CN105732552A - Preparation method of 2-bit or 3-bit thiobenzofuran compound - Google Patents
Preparation method of 2-bit or 3-bit thiobenzofuran compound Download PDFInfo
- Publication number
- CN105732552A CN105732552A CN201610223312.8A CN201610223312A CN105732552A CN 105732552 A CN105732552 A CN 105732552A CN 201610223312 A CN201610223312 A CN 201610223312A CN 105732552 A CN105732552 A CN 105732552A
- Authority
- CN
- China
- Prior art keywords
- benzofuran
- phenyl
- bit
- base
- methyl
- Prior art date
- Legal status (The legal status is an assumption and is not a legal conclusion. Google has not performed a legal analysis and makes no representation as to the accuracy of the status listed.)
- Granted
Links
Classifications
-
- C—CHEMISTRY; METALLURGY
- C07—ORGANIC CHEMISTRY
- C07D—HETEROCYCLIC COMPOUNDS
- C07D307/00—Heterocyclic compounds containing five-membered rings having one oxygen atom as the only ring hetero atom
- C07D307/77—Heterocyclic compounds containing five-membered rings having one oxygen atom as the only ring hetero atom ortho- or peri-condensed with carbocyclic rings or ring systems
- C07D307/78—Benzo [b] furans; Hydrogenated benzo [b] furans
- C07D307/82—Benzo [b] furans; Hydrogenated benzo [b] furans with hetero atoms or with carbon atoms having three bonds to hetero atoms with at the most one bond to halogen, e.g. ester or nitrile radicals, directly attached to carbon atoms of the hetero ring
Abstract
The invention discloses a preparation method of a 2-bit or 3-bit thiobenzofuran compound.Under the effect of potassium iodide and triphenylphosphine, the thiobenzofuran compound and sulfonyl chloride directly react to synthesize a 2-bit or 3-bit thiobenzofuran derivative, ethyl alcohol serves as applied solvent, the reaction temperature is 90-100 DEG C, and the reaction time is 12-24 hours; petroleum ether and dichloromethane serve as the flowing phase according to the volume ratio of 1:0 to 5:1 for gradient elution to obtain white solid liquid or colorless or light yellow oily liquid.A series of 2-bit or 3-bit thiobenzofuran compounds are synthesized through a new method for the first time.The compounds can be used as important medicine intermediates of medicines with various biological activities of resisting tumors, viruses, fungi and inflammation, suppressing immunity and the like.
Description
This patent obtains the subsidy (Grant No.: 21572158) of state natural sciences fund.
Technical field
The invention belongs to technical field of organic synthesis, relate to benzofuran derivatives and aryl sulfonyl chloride cross-coupling reaction
The methodology of organic synthesis of synthesis thio phenyl benzofuran compound.Particularly 2 or 3-position thio phenyl furan compound
Preparation method.
Background technology
Benzofuran compounds is the heterocyclic compound that a class is important, is widely present in each quasi drugs, has anti-swollen
The multiple biological activitys such as tumor, antiviral, antifungal, antiinflammatory and compacting are immune, are paid close attention to by various countries scientist.

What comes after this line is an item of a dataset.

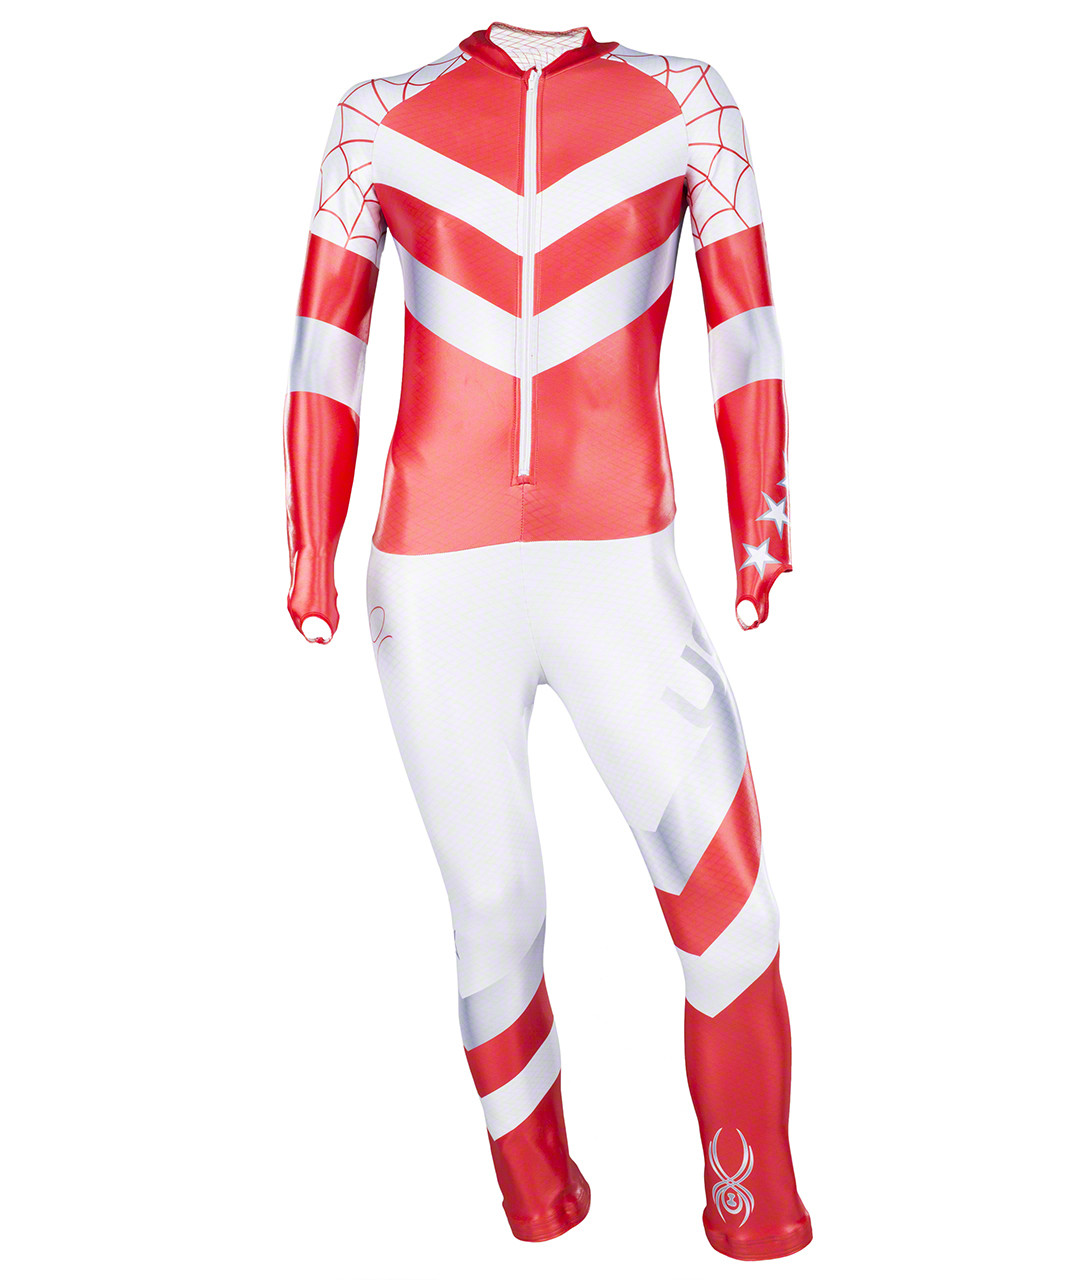 Spyder Kids Race Suit

Synthesis thio phenyl benzofuran compound has three kinds of methods, a kind of method to be to derive by 2-alkynyl methyl phenyl ethers anisole class at present
Thing and electrophilic reagent carry out electrophilic cyclization, obtain the benzofuran compounds in 3-position sulfur generation.Second method is to use 2-
There is electrophilic cyclization with electrophilic reagent in thioalkynyl methyl phenyl ethers anisole, obtains the benzofuran compounds in 2 sulfur generations.The third
It is under catalysis of iodine, 2 or 3-substituted benzofuran and the coupling reaction of arylsulfonyl hydrazine.Said method otherwise need use
Expensive and metallic catalyst to air-sensitive, or needs instability, sulfiding reagent that toxicity is big and unpleasant or
Person's substrate applicability is problematic.This new method just synthesizing this compounds for subsequent development leaves huge space.
Summary of the invention
It is an object of the invention to be achieved through the following technical solutions:
One class thio phenyl benzofuran structural formula of compound formula is as follows:
2 or 3-position thio phenyl benzofuran compound of the present invention, its typical compound is:
1,2-phenyl-3-(methoxybenzene is dredged base) benzofuran;
2,2-phenyl-3-(methylbenzene is dredged base) benzofuran;
3,2-phenyl-3-(toluene is dredged base)-5-methyl benzofuran;
4,2-(p-methoxyphenyl)-3-(methylbenzene is dredged base) benzofuran;
5,2-(p-methoxyphenyl)-3-(methoxybenzene is dredged base) benzofuran;
6,3-phenyl-2-(methylbenzene is dredged base) benzofuran;
7,3-phenyl-2-(methoxybenzene is dredged base) benzofuran;
8,3-phenyl-2-(meta-methoxy benzene dredges base) benzofuran;
9,3-methyl-2-(methylbenzene is dredged base) benzofuran;
Compound disclosed in this invention is that known compound refers to J. Org. Chem. 2015,80,2918.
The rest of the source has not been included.